Part of the appeal behind Toronto FC when they arrived here was that, fuelled by MLSE’s marketing money, young people who’d grown up watching the world’s top leagues on TV went out to BMO Field to be a part of that more global football community.

MLS is not a perfect example — its nearly incomprehe­nsible roster rules are most clear in not encouragin­g its Canadian teams to develop Canadian talent ahead of Americans, and TFC have pretty much squandered that initial goodwill — but it’s the best we have here to keep that link alive on a week-to-week basis.

Meanwhile, much as it may pain the playoff-starved here, the Montreal Impact has a CONCACAF club championsh­ip to play for Wednesday night at Olympic Stadium. Last week’s 1-1 draw in their first leg against Mexico’s Club America showed off the kit and caboodle of big-time internatio­nal ties — dodgy refereeing, hometown edge (lasers!), nous, tradition. Azteca full of 105,000 in full voice inevitably conjures up memories of Maradona taking on all of England to oldtimers. Now Montreal gets its chance to write its own fable in response.

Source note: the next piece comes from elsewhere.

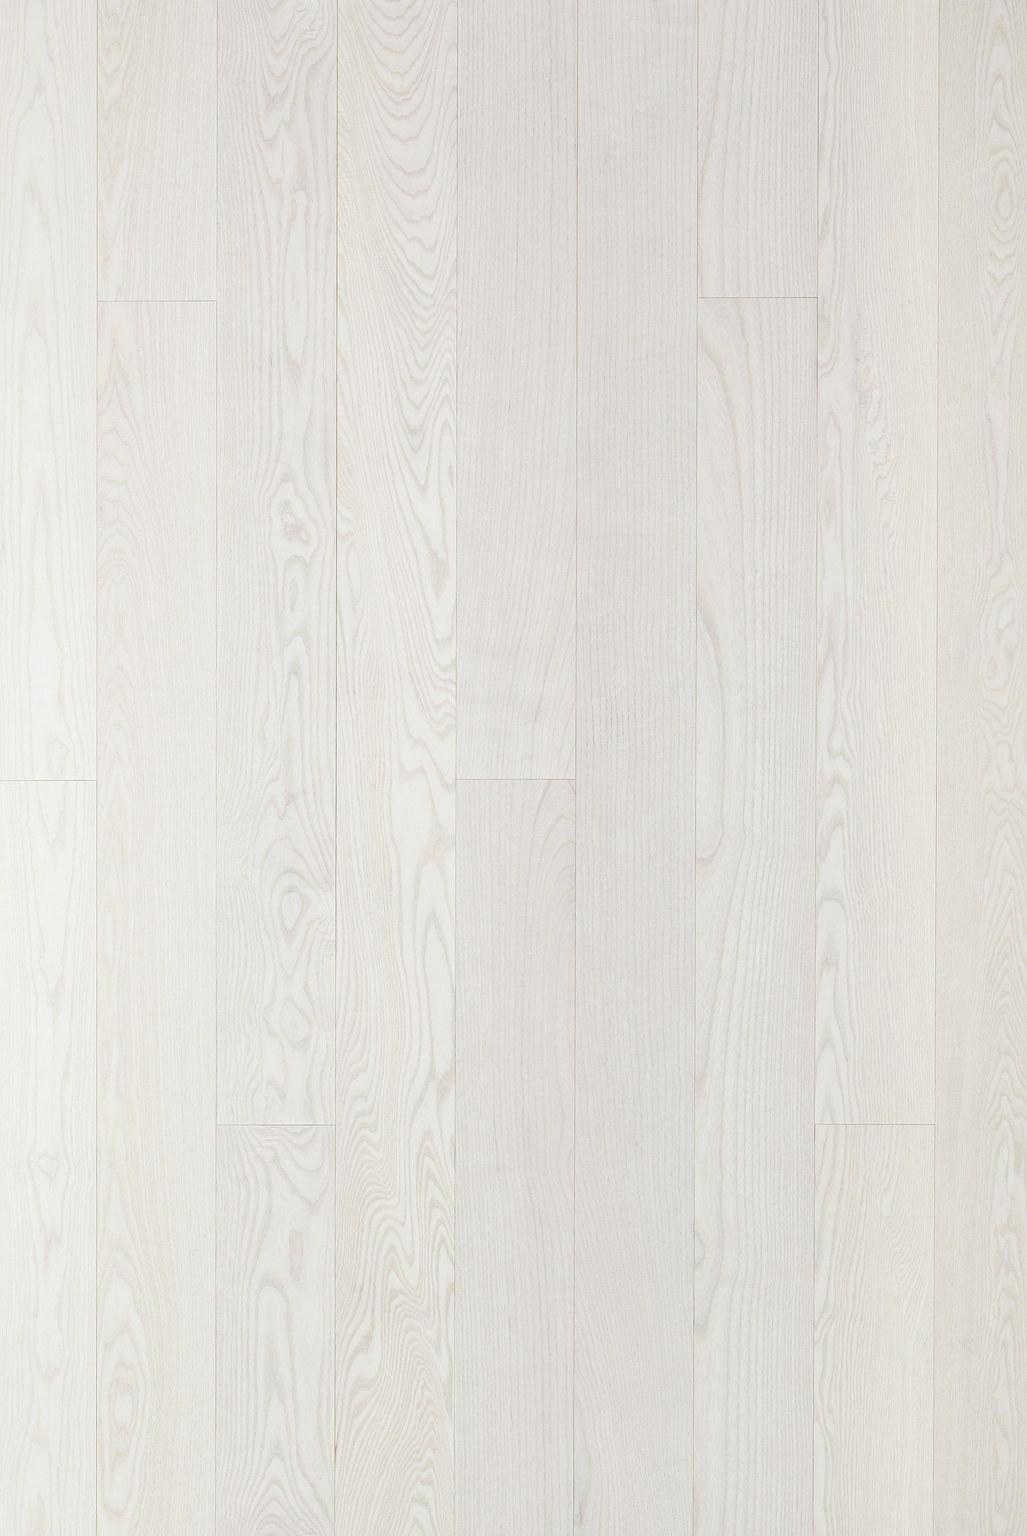 Timberwise parketti lankkuparketti puulattia wooden floor parquet plank Saarni Ash Select Snowwhite_2D1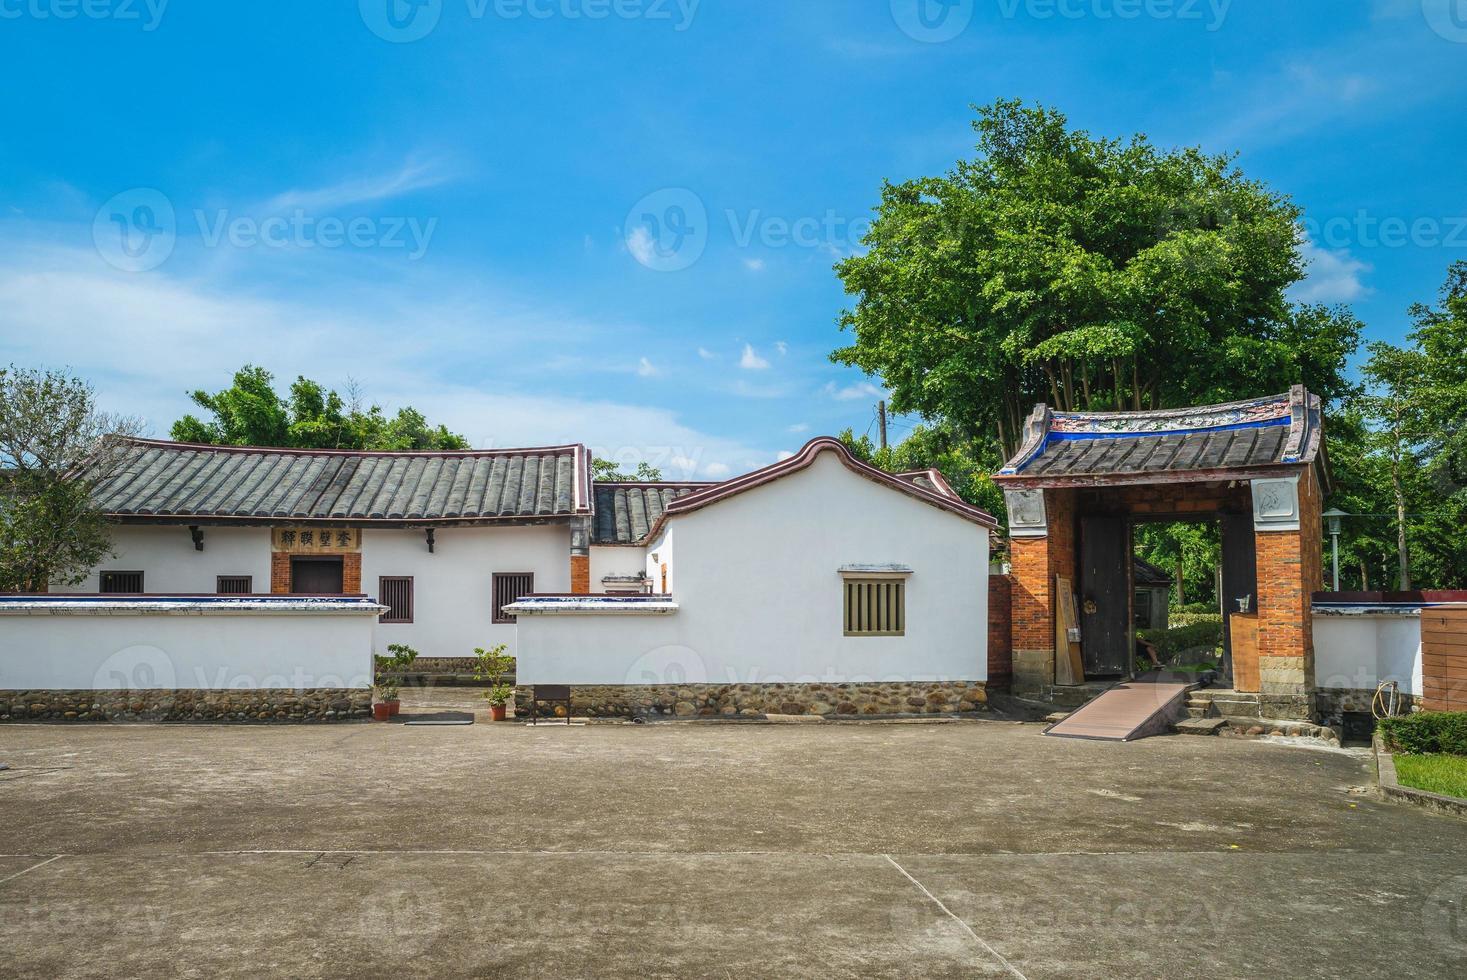 sala de estudio de la antigua residencia lee tengfan en taoyuan, taiwán foto

Perenniall­y downtrodde­n but underdogs with a possible sting in this scenario is the Canadian men’s team, breaking in a number of promising young players and playing quite well under second-year coach Benito Floro. They’ll get a measure of their progress in this summer’s Gold Cup, including a tournament date at BMO Field, the same place where their next round of World Cup qualifying begins in June.

These big global events, and especially any success at them, can be transforma­tive. And it’s way too much to ask that this summer of plenty can solve long-term questions, chief among them national player developmen­t — who drives that train, and how it’s fuelled, is as vexing a question as ever.

But in the short term, at least, we’re heading into a rare time — the world game, now our game too.